Dear Open MPI experts
I need your help to get Open MPI right on a standalone
machine with Nehalem processors.
How to tweak the mca parameters to avoid problems
with Nehalem (and perhaps AMD processors also),
where MPI programs hang, was discussed here before.
However, I lost track of the details, how to work around the problem,
and if it was fully fixed already perhaps.
I am now facing the problem directly on a single Nehalem box.
I installed OpenMPI 1.4.1 from source,
and compiled the test hello_c.c with mpicc.
Then I tried to run it with:
1) mpirun -np 4 a.out
It ran OK (but seemed to be slow).
2) mpirun -np 16 a.out
It hung, and brought the machine to a halt.
Any words of wisdom are appreciated.
More info:
* OpenMPI 1.4.1 installed from source (tarball from your site).
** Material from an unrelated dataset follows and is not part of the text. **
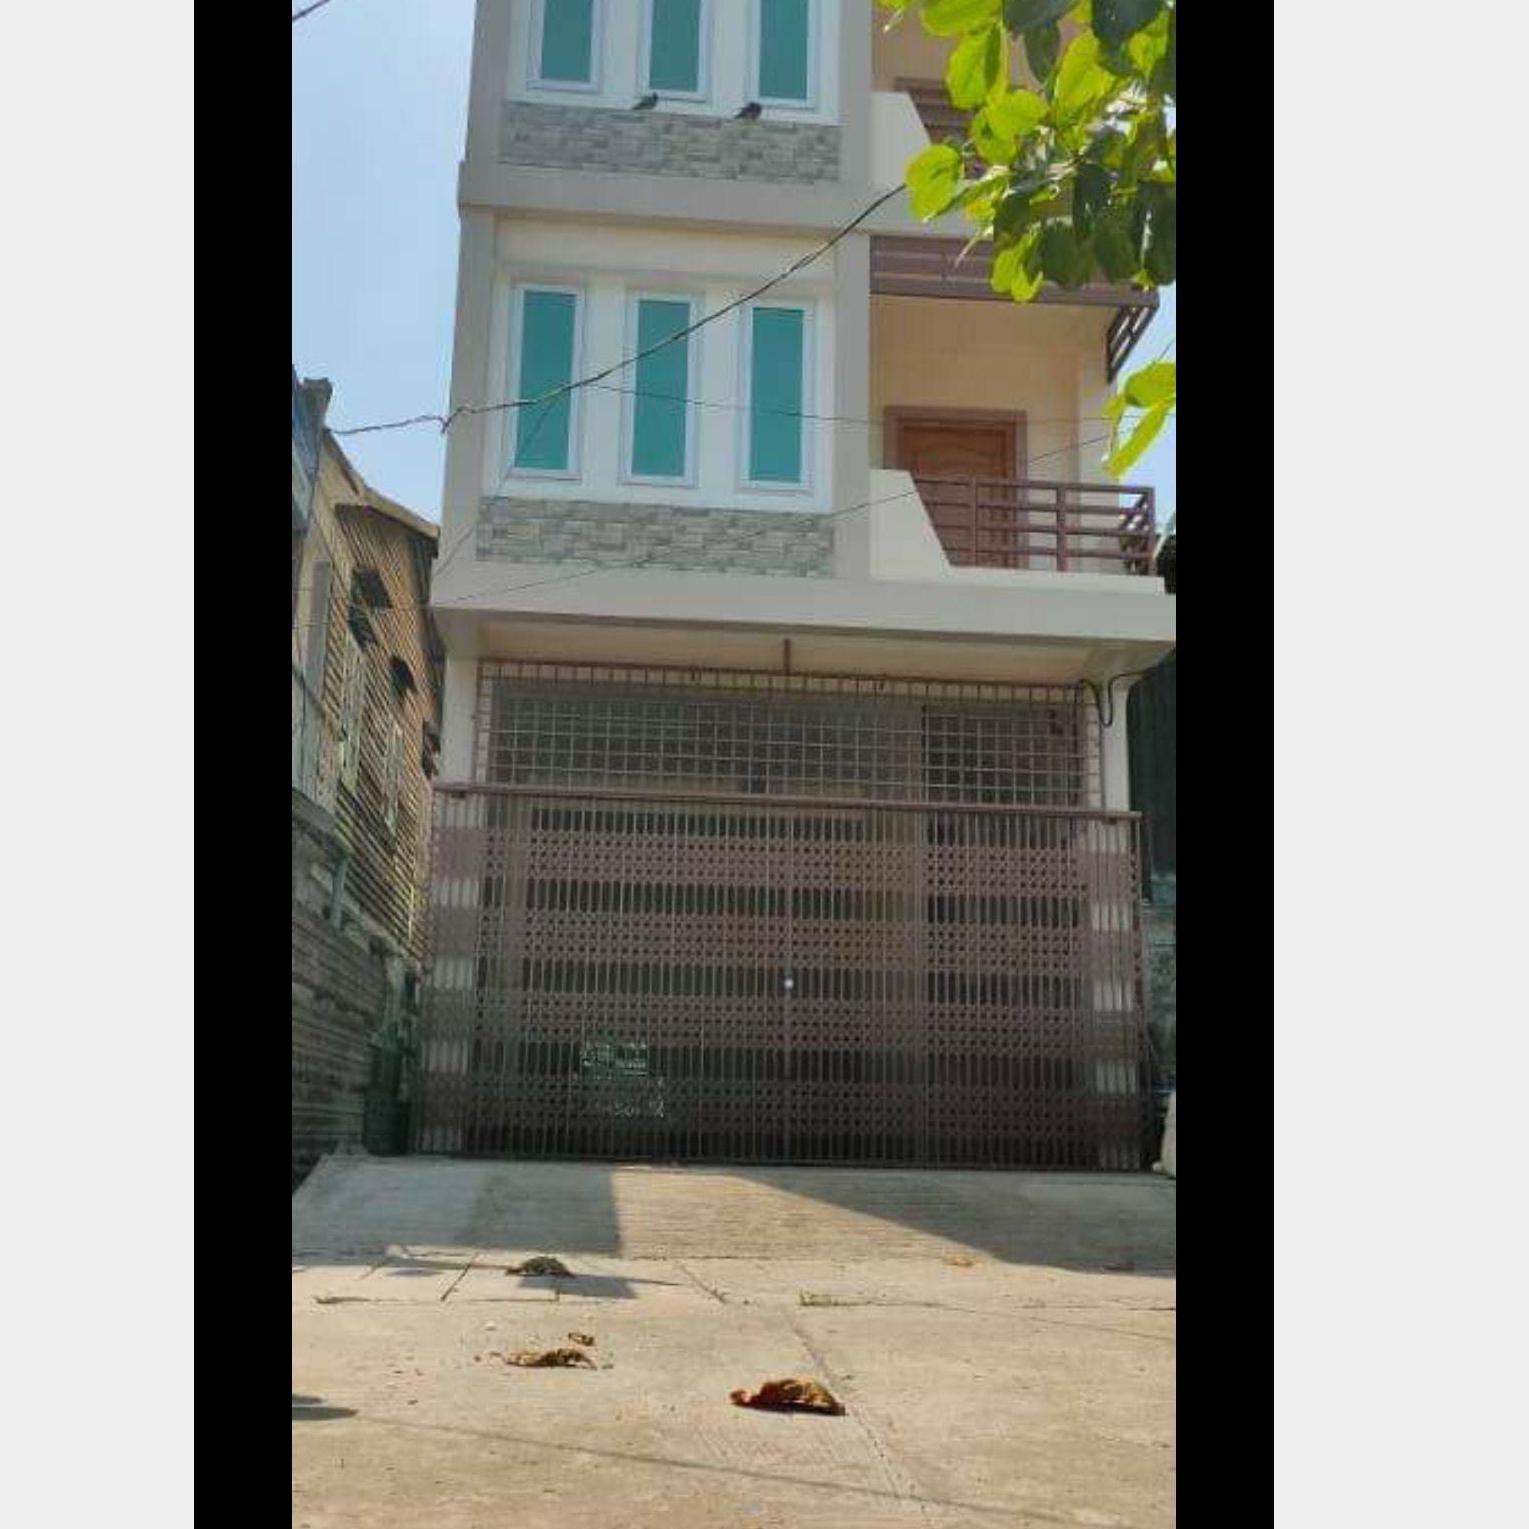 တိုက်အသစ်ငှါးမည် Image, အိမ် classified, Myanmar marketplace, Myanmarkt
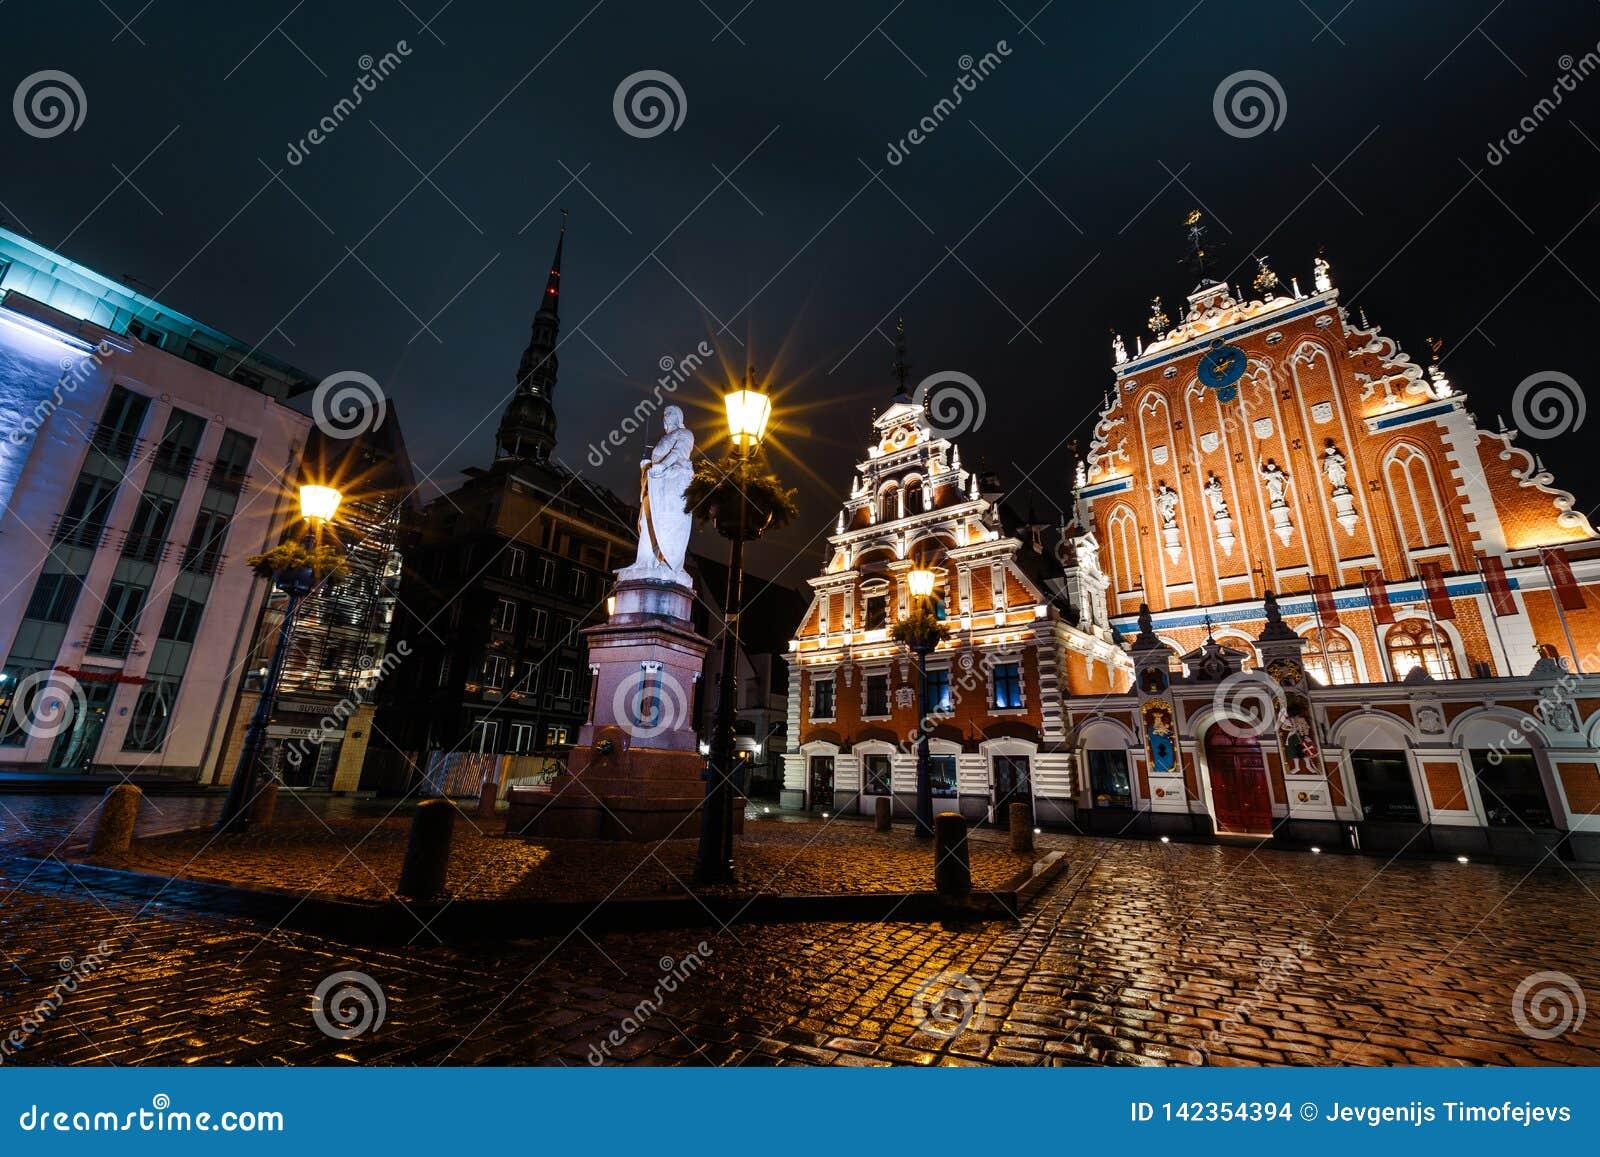 RIGA, LETLAND - MAART 17, 2019: De professionele lange blootstelling schoot bij een regenachtige nacht die Huis van Meeëters onde

* Compilers are gcc/g++/gfortran 4.4.3-4.
* OS is Fedora Core 12.
* The machine is a Dell box with Intel Xeon 5540 (quad core)
processors on a two-way motherboard and 48GB of RAM.
* /proc/cpuinfo indicates that hyperthreading is turned on.
(I can see 16 "processors".)
**
What should I do?
Use -mca btl ^sm ?
Use -mca btl -mca btl_sm_num_fifos=some_number ? (Which number?)
Use Both?
Do something else?
Many thanks,
Gus Correa
---------------------------------------------------------------------
Gustavo Correa
Lamont-Doherty Earth Observatory - Columbia University
Palisades, NY, 10964-8000 - USA
---------------------------------------------------------------------
|